I seem to be a helluva lot better at figuring out my tritype then my instincts for some reason, so I figured what the hell. XD


*https://www.eclecticenergies.com/enneagram/test-2.php

You are most likely a type 5 (the Investigator) with 4 wing*
*Social variant*


*Type 5 SO
*
*Type 4 SO
*
*Type 1 SO*

Type 9 SX

Type 6 SP

Type 3 SX

Type 8 SP

Type 7 SO

Type 2 SP



And just for the hell of it; I thought I'd also throw in an enneagram type test.
http://https://www.eclecticenergies.com/enneagram/test-2.php 
* *






*Type 5 - 12.7
Type 7 - 9.7
Type 1 - 7.4
Type 4 - 7.4*
Type 6 - 6

*Wing 5w4 - 16.4
Wing 5w6 - 15.7
Wing 4w5 - 13.8*
Wing 7w6 - 12.7
Wing 6w5 - 12.4
Wing 7w8 - 11.8
Wing 6w7 - 10.9
*Wing 1w9 - 10.3*
Wing 4w3 - 8.8
Wing 1w2 - 7.9



Fascinating, both these tests totally nail my tritype.


----------



## Dangerose (Sep 30, 2014)

Thought I'd take it for fun

Surprised at result :laughing:

_You are most likely a type 8 (the Challenger) with 7 wing

Social variant


Type 8 SO
Type 7 SX
Type 3 SX
Type 2 SX
Type 4 SX
Type 6 SX
Type 1 SX
Type 9 SX
Type 5 SO_

edit: took second test, answered I think slightly differently

_You are most likely a type 4 (the Individualist) with 3 wing

Sexual variant


Type 4 SX
Type 8 SO
Type 3 SX
Type 2 SX
Type 7 SX
Type 6 SX
Type 1 SO
Type 9 SX
Type 5 SO
_



edit ii: oh, I think I took the same test twice

Oh well


----------



## Octavarium (Nov 27, 2012)

You are most likely a type 6 (the Loyalist) with 5 wing
Self-preservation variant

Type 6 SP
Type 4 SO
Type 5 SP
Type 1 SP
Type 9 SP
Type 3 SP
Type 2 SP
Type 8 SP
Type 7 SO

The type 4 score is a bit higher than I usually get, and I don't know where it got the idea that it's my second-highest type.

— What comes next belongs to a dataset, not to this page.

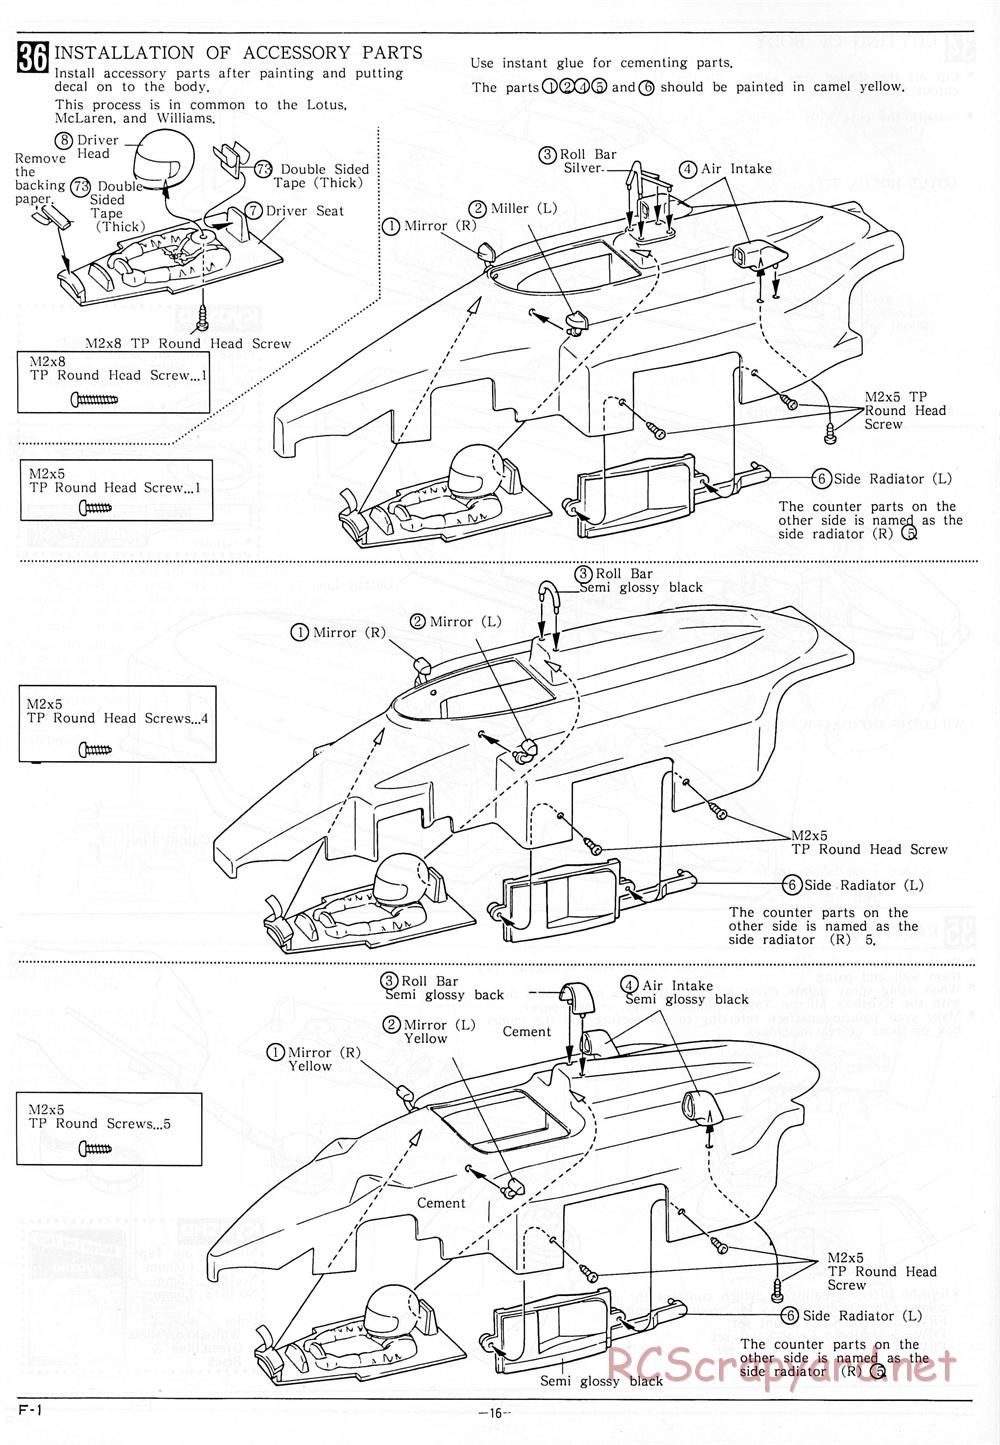 Kyosho - 1/18 Scale Formula One (F1) - Manual - Page 16

Other than that it's fairly typical of my Enneagram test scores and roughly in line with my self-perception. I'd order them for myself something like 1 = 5 = 6 > 4 = 9 > 2 = 3 = 7 = 8. For the instincts, I'd agree with this test's result of SP/SO (I'm open to the SO/SP possibility, too, but definitely SX-last) but I don't relate much to the SP 6.


----------



## Stellafera (Jan 19, 2015)

I'm actually quite surprised that the test nailed it. So/Sp 6w7. I answered honestly and gave high marks for stuff like "trusting" and "ambitious", which I thought would've thrown it off. Not bad at all. 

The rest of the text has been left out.